Во дни Старой Земли жили специалисты по ядам, дьявольски умные люди, занимавшиеся приготовлением «порошков наследства».
Излучая гордость, придворный канцлер Беели Ридондо вошел в императорские покои.
– Ваше императорское величество, у вас дочь. Ваша супруга только что разрешилась от бремени красивой здоровой девочкой.
Не выказав никакой радости, император Шаддам IV выругался сквозь зубы и отослал канцлера прочь. Так, их уже три! Что мне пользы от этой новой дочери?
Настроение было поганым, хуже, чем тогда, когда он убирал с Трона Золотого Льва своего дряхлого отца. Быстрым шагом Шаддам прошел в свой личный кабинет, пройдя под древним щитом с надписью: «Закон – конечное воплощение знания», одной из бессмыслиц кронпринца Рафаэля Коррино, человека, который ни разу в жизни не удосужился хотя бы примерить императорскую корону. Закрыв и заперев за собой дверь, Шаддам бросил свое угловатое тело на обтянутое набивной тканью подвесное кресло с высокой спинкой.
Будучи человеком среднего роста, Шаддам обладал ловким мускулистым телом и орлиным носом. Длинные ногти были тщательно ухожены, а напомаженные рыжие волосы аккуратно зачесаны назад. На императоре был надет мундир сардаукара с эполетами и серебристо-золотыми галунами, однако военная форма не приносила, как когда-то, успокоения и чувства комфорта.
Шаддама многое беспокоило и помимо рождения не нужной ему дочери. Недавно, на гала-концерте, устроенном на похожем на перевернутую пирамиду стадионе в Хармонтепе, кто-то из зрителей выпустил в воздух надутое изображение Шаддама IV. Непристойно оскорбительная карикатура делала императора похожим на фигляра. Грубо размалеванный воздушный шар плыл над хохочущей толпой до тех пор, пока драгуны не расстреляли его и он не упал на землю пылающими пестрыми кусками, и каждый дурак мог увидеть в этом акте расстрела зловещий символ! Несмотря на самое тщательное расследование и аресты, никто, даже самые изощренные военные следователи, не смог докопаться до того, кто изготовил и выпустил карикатурный воздушный шар.

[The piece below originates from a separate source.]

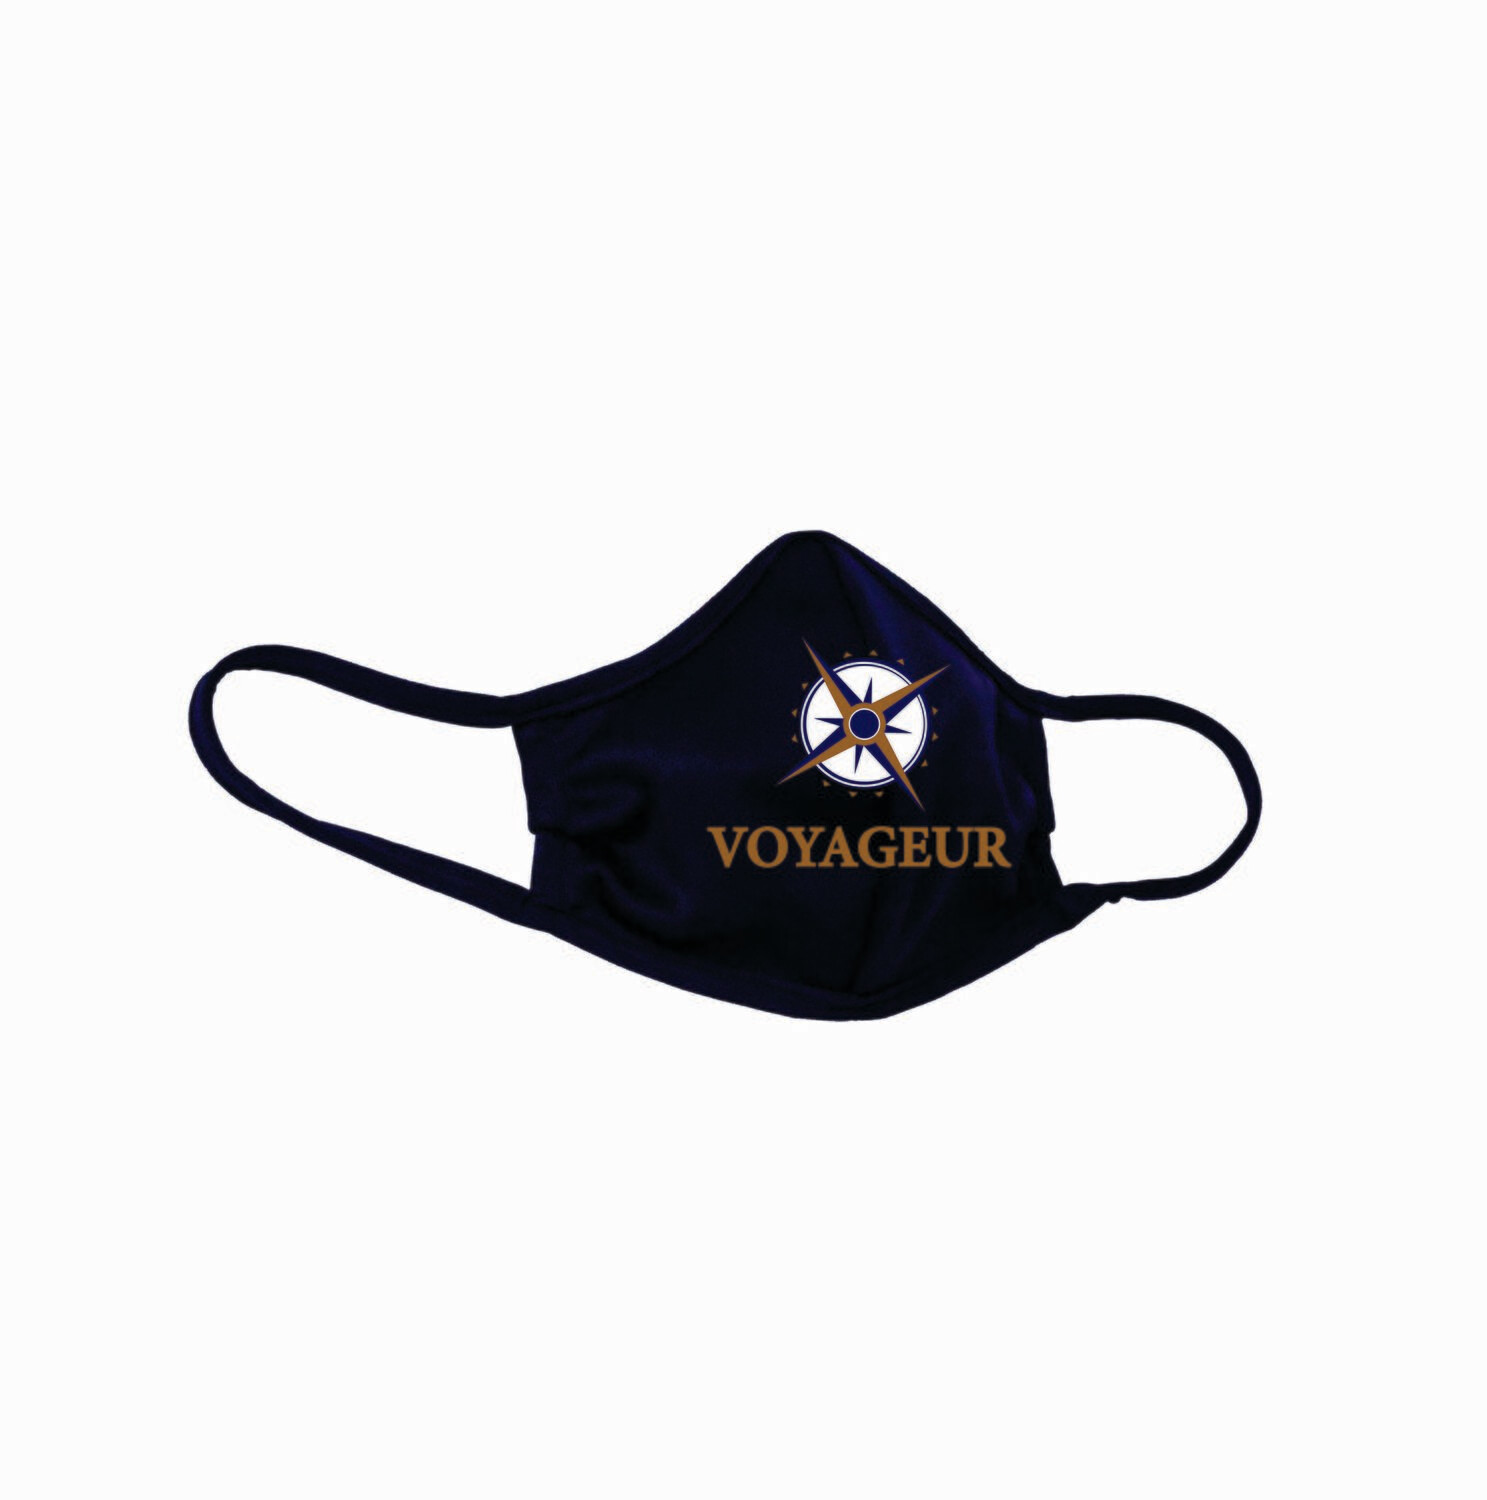 Voyageur Mask
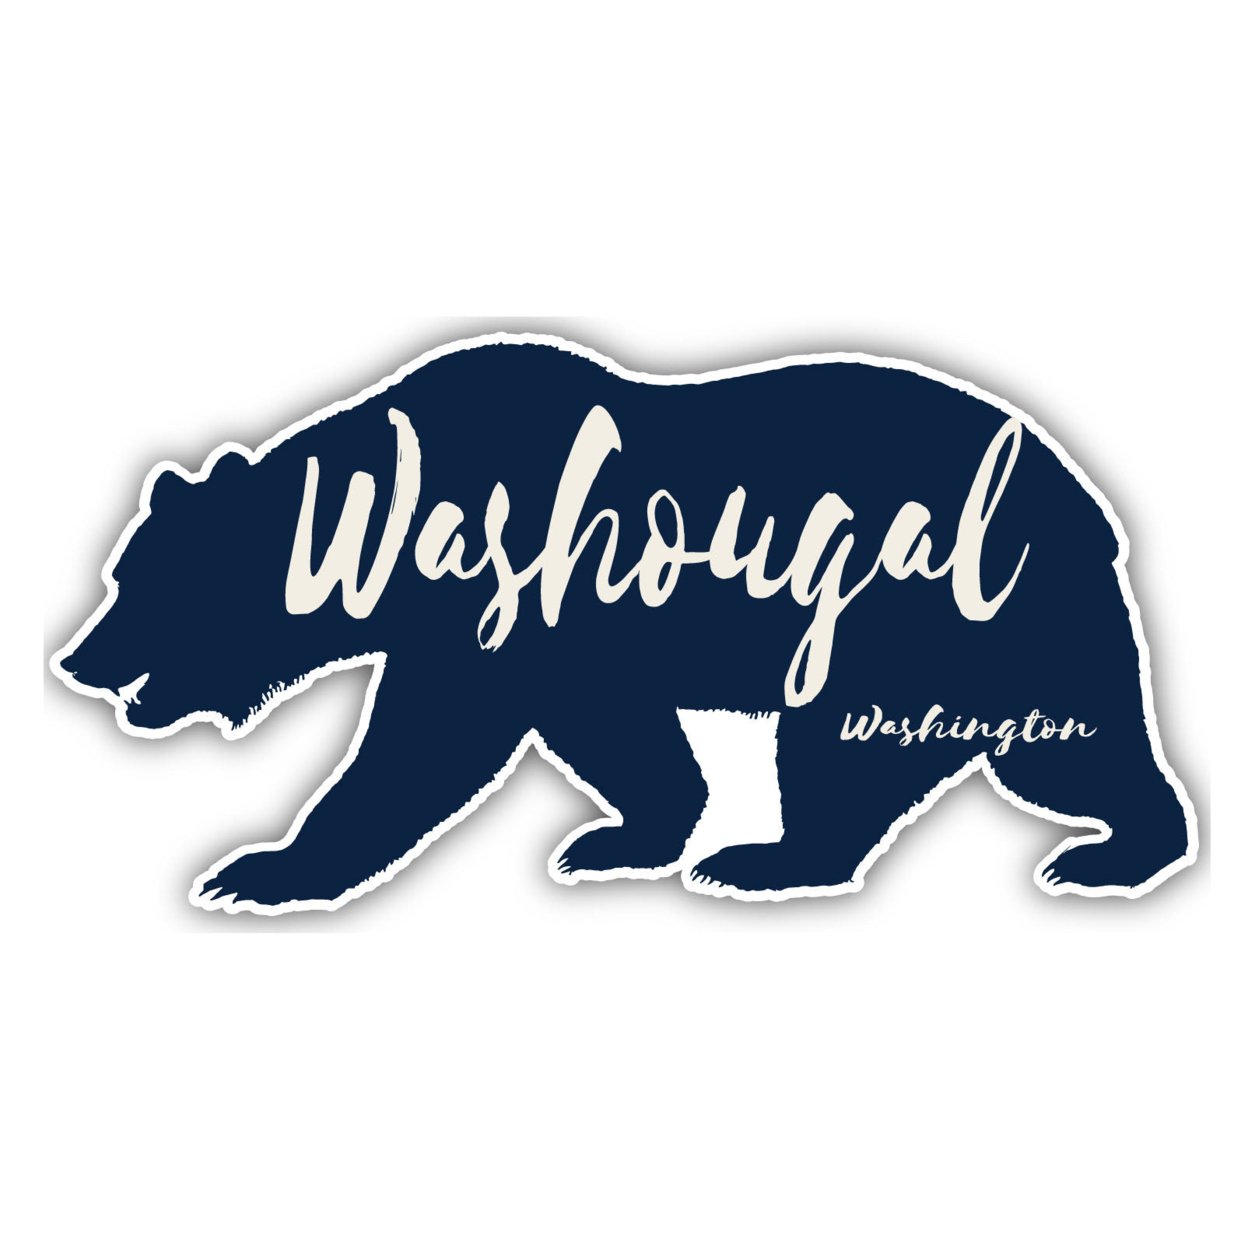 Washougal Washington Souvenir Decorative Stickers (Choose Theme And Size) - Single Unit, 4-Inch, Bear

Был еще один случай, когда на гранитной стене Памятного Каньона в честь Канидара II появилась надпись из стометровых букв: «Шаддам, хорошо ли держится корона на твоей маленькой головке?» На многих планетах, рассеянных по империи, неизвестные стирали лица с памятников. Никто так и не нашел злоумышленников.
Кто-то ненавидел его достаточно сильно, чтобы делать это. Кто-то. Этот проклятый вопрос грыз его императорское сердце вместе с другими неприятностями… включая нежданный угрожающий визит Хазимира Фенринга, который сообщил о продвижении работ по созданию тлейлаксами синтетической пряности.
Проект «Амаль».
Начатый еще в правление отца, этот проект был настолько секретным, что о нем знали всего несколько человек. Этот самый охраняемый от посторонних глаз и ушей секрет был, пожалуй, самым главным в империи. Если он осуществится, то Дом Коррино получит в свое распоряжение неиссякаемый источник синтетической пряности – самого дорогостоящего вещества во всей вселенной. Но эти проклятые экспериментаторы все никак не могли добиться окончательного результата, годы шли, а пряности не было. С каждым месяцем ситуация казалась императору все более и более безнадежной.